Primary Cutaneous Gamma-Delta T-Cell Lymphoma Presenting With Hemophagocytic Lymphohistiocytosis in a Young Polynesian Male

Abstract

Primary cutaneous gamma-delta T-cell lymphoma (PCGD-TCL) is a very rare subtype of cutaneous T-cell lymphoma. We report the case of a young Polynesian male who presented with fever and an abdominal wall rash and highlight the workup leading to the diagnosis of PCGD-TCL. As PCGD-TCL is rare and mimics other medical conditions, its diagnosis requires a high index of suspicion and can be challenging. Hemophagocytic lymphohistiocytosis (HLH) occurs with PCGD-TCL and can be a marker of more invasive disease. There are no well-defined treatment guidelines, but the most common treatment approach is anthracycline-based multiagent chemotherapy followed by allogeneic stem cell transplant. Targeted therapies are being increasingly used as well. Prognosis remains poor and 5-year survival is < 20%, particularly in more invasive disease. We highlight how this patient's demographic varies from the published literature and discuss some unique particulars of the diagnostic evaluation and treatment, especially in the presence of concurrent HLH.

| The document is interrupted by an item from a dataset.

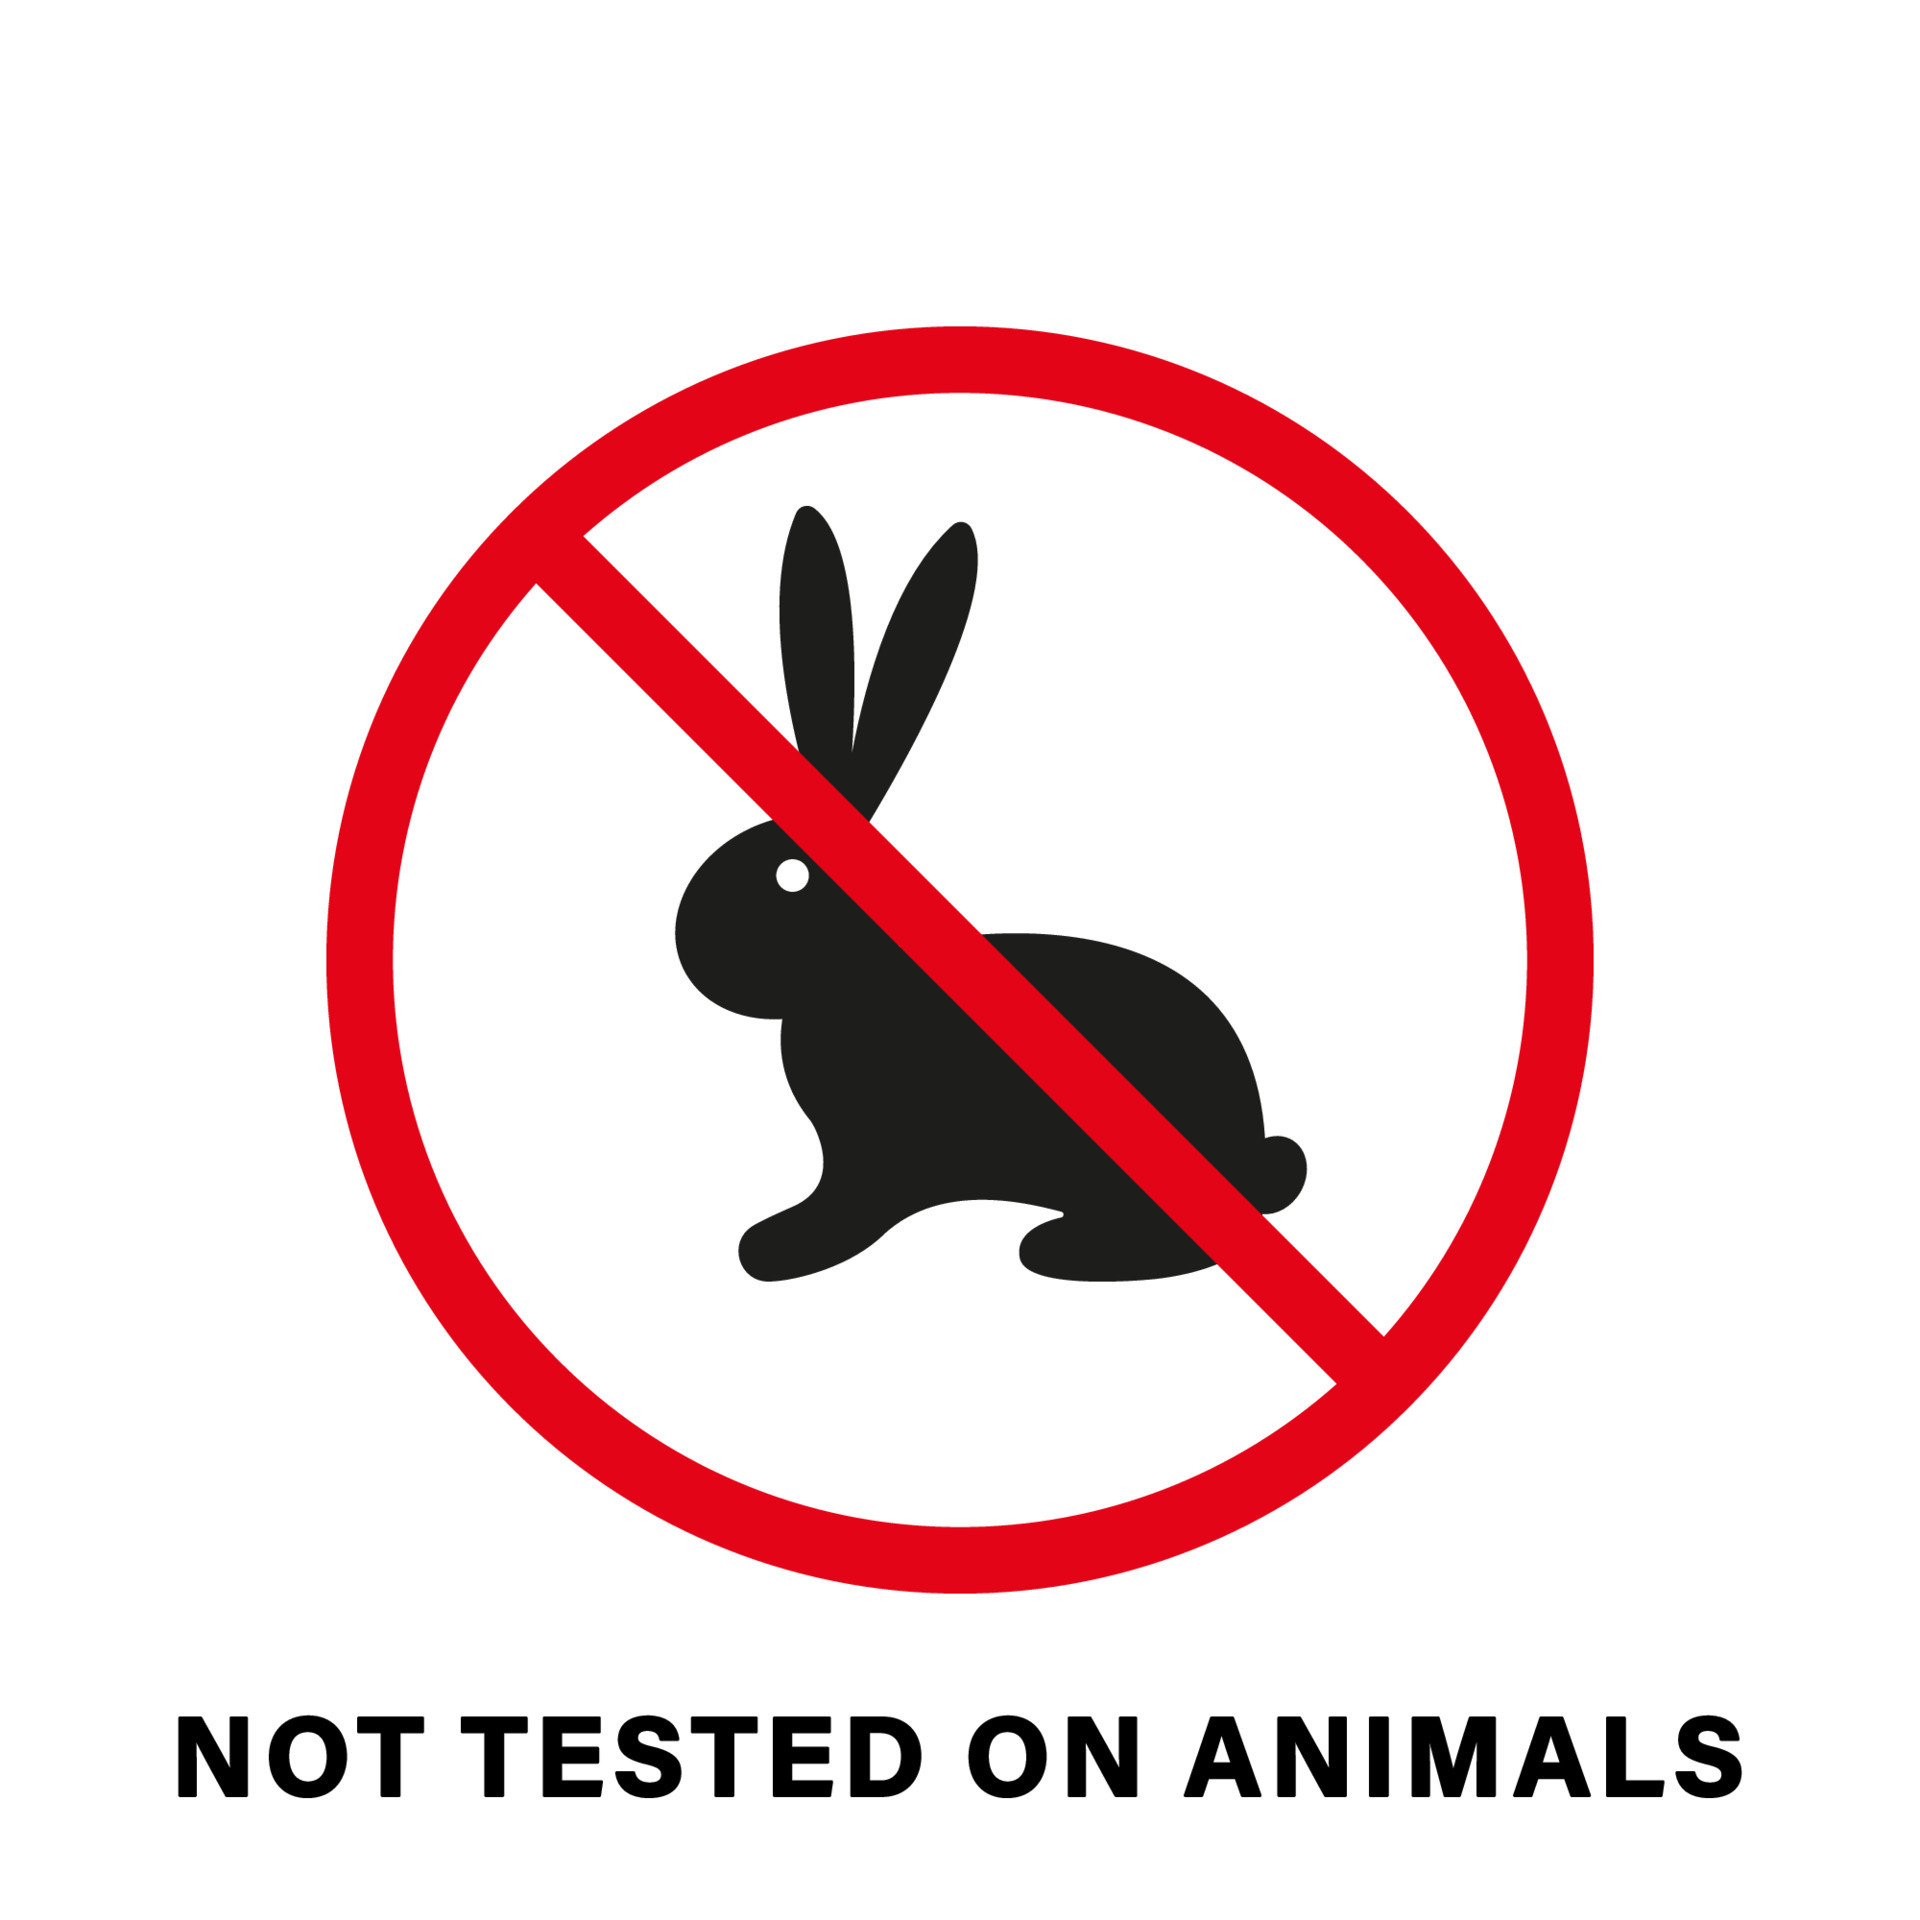 No Tested on Animals, Cruelty Free Silhouette Icon. Bunny and Stop Sign Not  Trial Animals Stamp. Stop Torture Symbol. Cosmetic Product No Test on Hare.  No Cruelty. Isolated Vector Illustration. 9008904 Vector

Keywords: adipocyte rimming; brentuximab vedotin; hemophagocytic lymphohistiocytosis; panniculitis; primary cutaneous T-cell lymphoma.

Figure 1

Large violaceous contiguous patch spreading over the anterior and right side of the abdominal wall.

Figure 2

Skin biopsy findings. Low magnification ((a), 20x) image showing a lobular, pannicular infiltrate of large lymphoid cells with pleomorphic nuclei and irregular nuclear contours that focally rim adipocytes ((b), 400x). Focal hemophagocytic lymphohistiocytosis is also noted. Tumor cells show immunostaining for CD3 ((c), 100x), CD8, with rimming of adipocytes ((d), 100x), and TCR-delta ((e), 100x). The BF-1 shows staining of small lymphocytes ((f), 100x).

Figure 3

Bone marrow biopsy findings. Bone marrow trephine biopsy at 20X magnification stained with hematoxylin and eosin (a), CD3 (b), CD20 (c), and γδ TCR (d), demonstrating rimming of fat by γδ T cells. Insets in (a), (b), and (d) at 100X magnification. Bone marrow aspirate at 100X magnification demonstrating extensive hemophagocytosis (e-f).

Figure 4

Flow cytometric analysis of CD3+ T cells from the bone marrow aspirate specimen. Green, CD8+ T cells. Red, CD4+ T cells. Blue, CD4-CD8- γδ T cells. The γδ T cells express bright CD3, normal levels of CD2, CD5, and CD7, partial CD56, partial CD57, and partial CD16. No definitive phenotypic abnormalities were detected by flow cytometry.